And so, it was just a firm foundation for us to draw, you know, strategic knowledge, operational expertise. We’ve got the you know, technical capability and you know, we’ve got folks that have come from the industry, veterans of the industry for production. So, it was really just this alignment and, you know, we were able to get to being a public company quicker with the same diligence, but we can fulfil our plans to scale the company a lot more rapidly. And because of our position of where we are in terms of, you know, we were in the cusp of, you know, we have prototype vehicles driving around already, both our bus and van. We’ve got a microfactory coming up in Vista in the UK and Rock Hill South Carolina. We just recently yesterday announced a new headquarters in North America in Charlotte. You know, we’re in a position I would say maturity. And a lot of that comes from, you know, deep technical capability well, so, you know, we’re not looking at this as a runway, you know, for years and years of R&D for us, it was okay. We are going to start scaling. We’re going to start getting into production. We’ve got a partner that can help us grow. They bring a lot to the table; we have the necessary cash to do this. Let’s make it happen.


Julian Klymochko: So, you mentioned your prototypes bus and van, the microfactories, new headquarters, and post-closing of the going public transaction. You’ll have access to $660 million dollars of growth capital, which is significant. So, what are Arrival main growth initiatives beyond building microfactories? What sort of things are you guys planning to do on the product side specifically?
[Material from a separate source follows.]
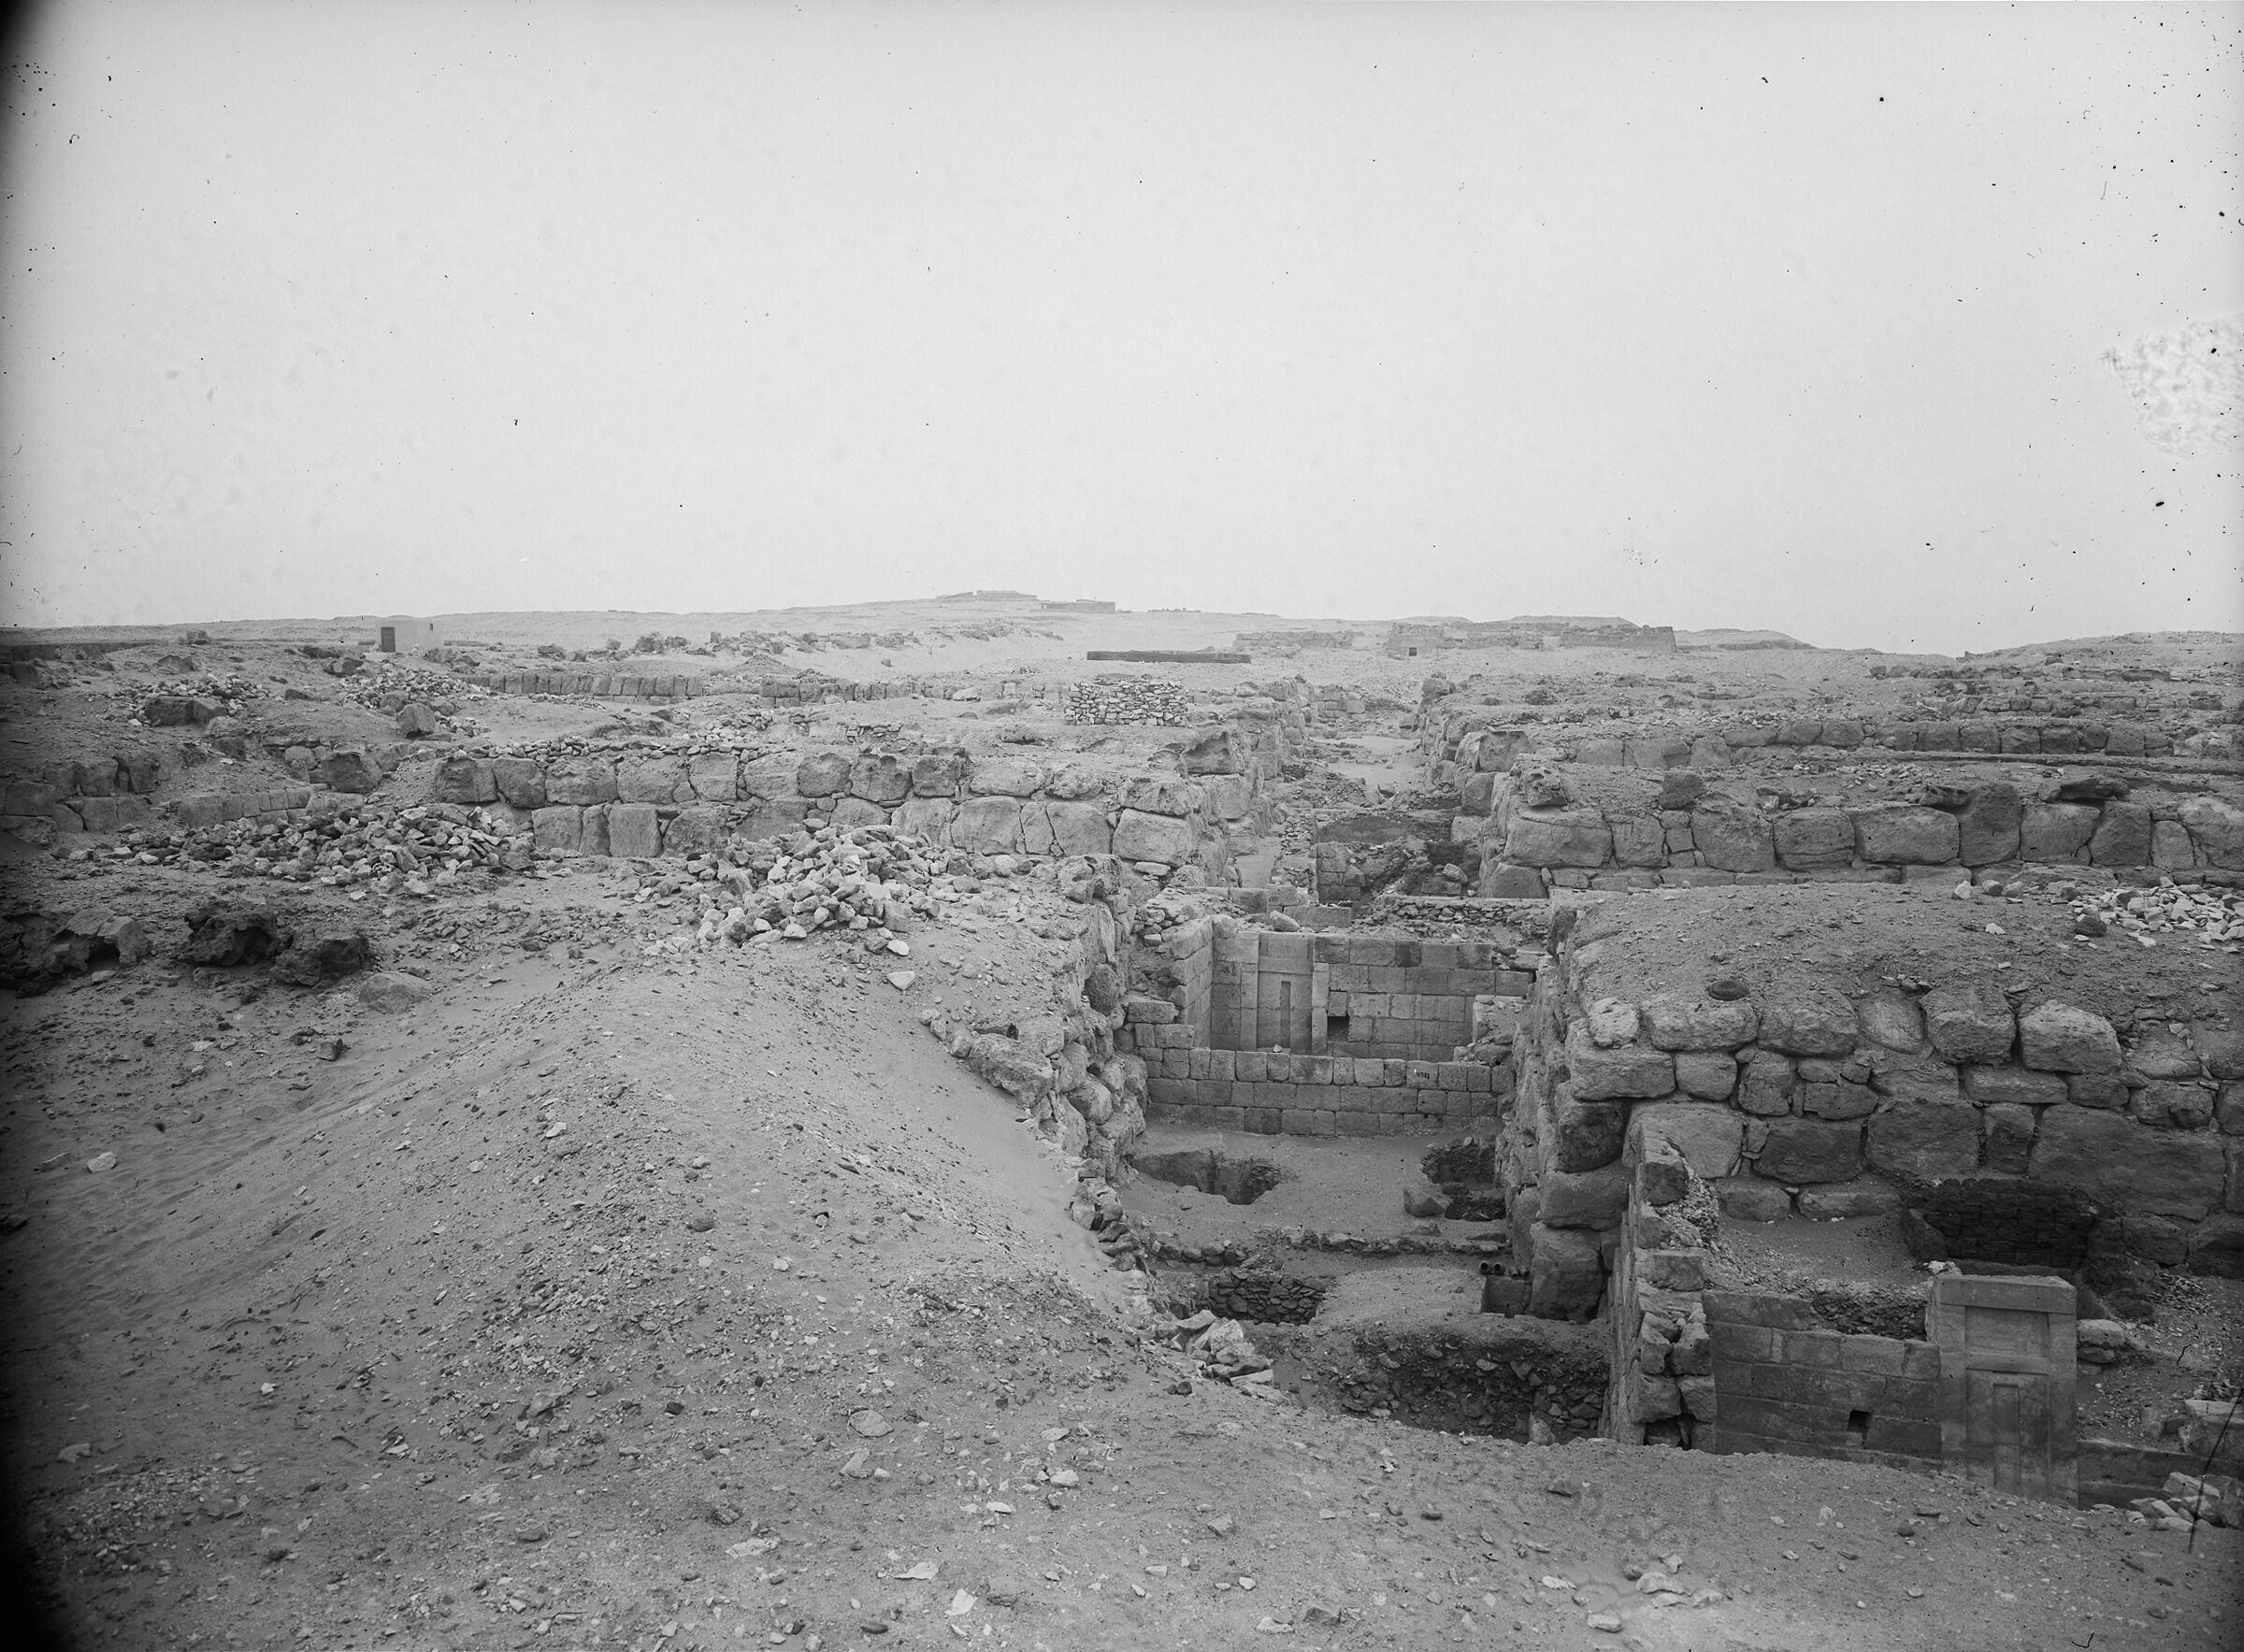 Western Cemetery: Site: Giza; View: G 4820, G 4830, G 4733, G 4833, G 4821, G 4822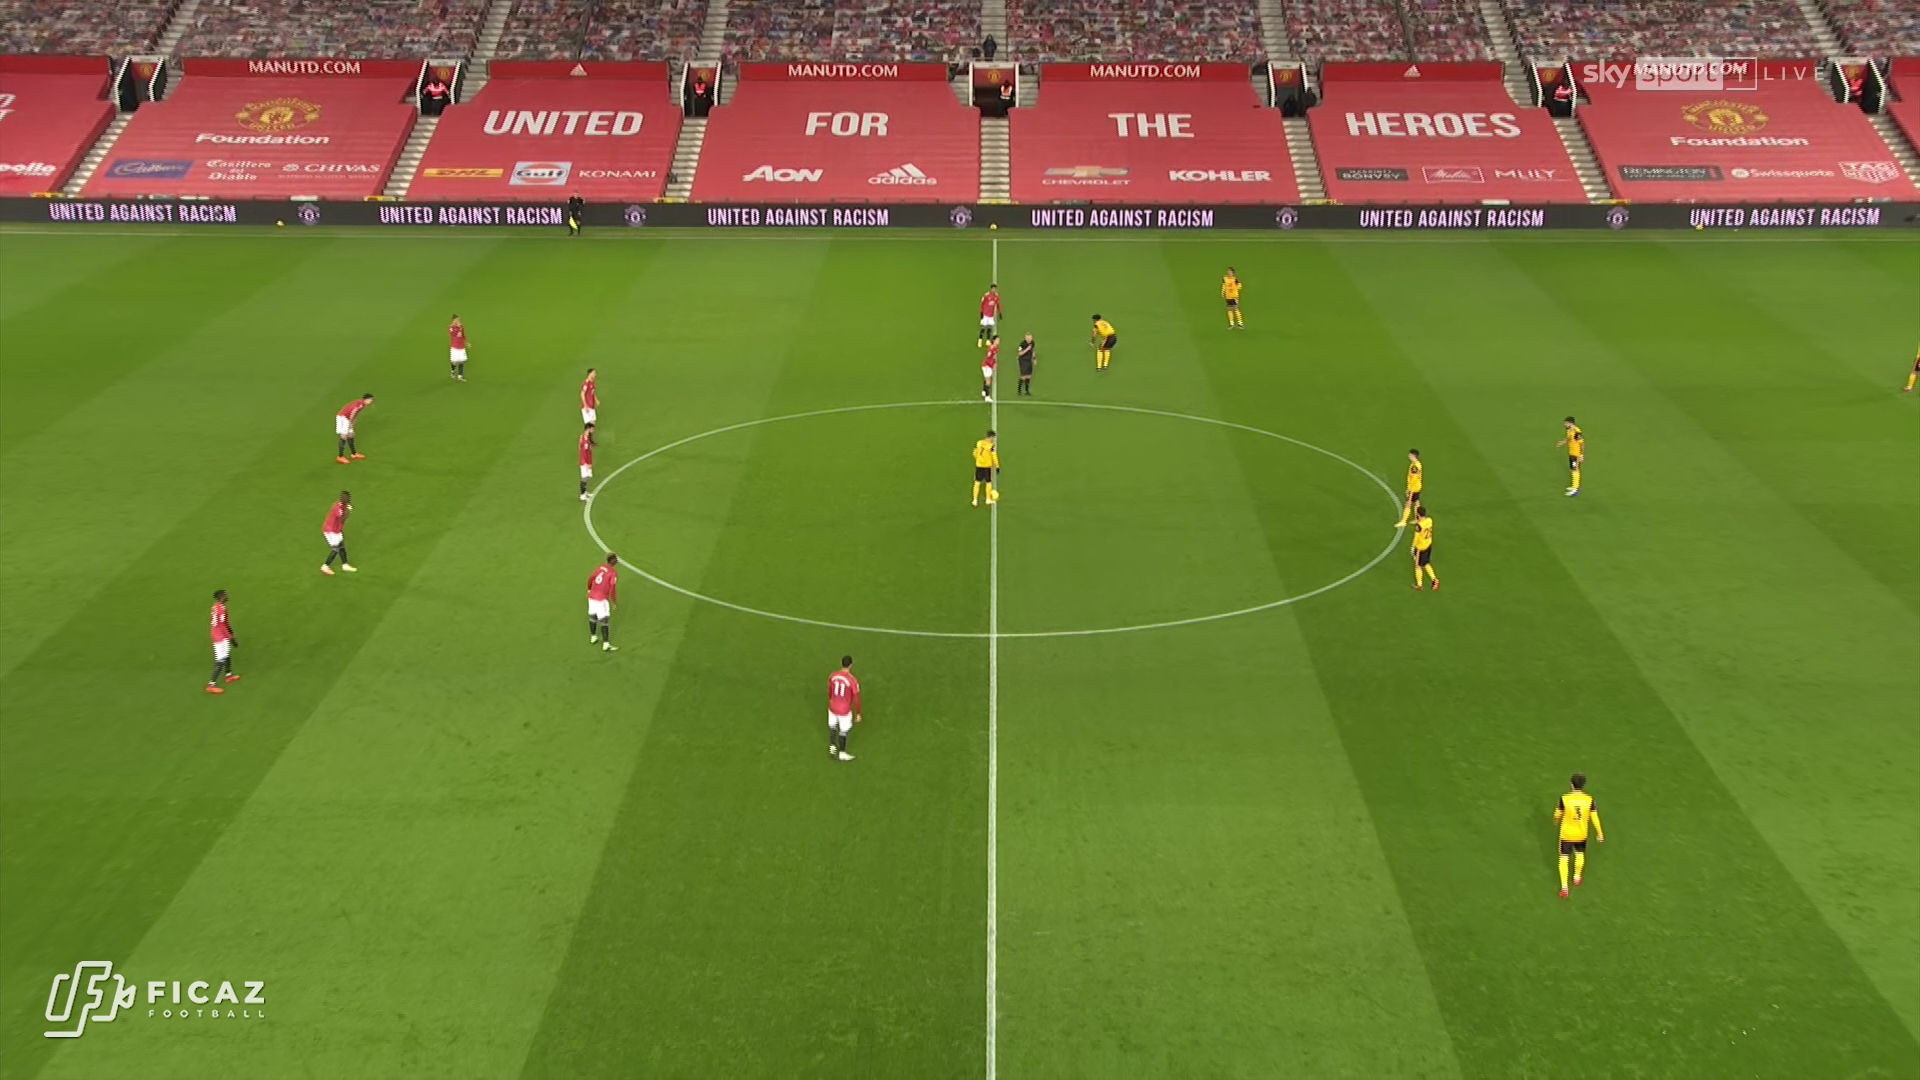 Manchester United F.C. - Main - Old Trafford

Avinash Rugoobur: So, we have a full vehicle programs that actually in development and that’s the bus. We have a van and we also have a [Inaudible 00:12:52] and we have a small vehicle platform that’s coming out in 2023. So, these are all rolling out over the next three odd years. What’s important there is each of those vehicles share common technologies. So, we have, you know, throughout verdict integration, we’ve developed all of our own components. We select components to develop that can give us cost saving that enable assembly through a microfactory. And also, we select the components to design it in house. What I would say, the ones that are smart, right? The ones that are connected and you know, can measure your health, we’ll give data to the operators. So those components, like our battery module, for example, we’ve got the human machine interface module. They can actually be swapped in and out and shared across vehicles. So, you know, our bus and our van share a lot of the same components as well the small vehicle platform when we bring that to market. 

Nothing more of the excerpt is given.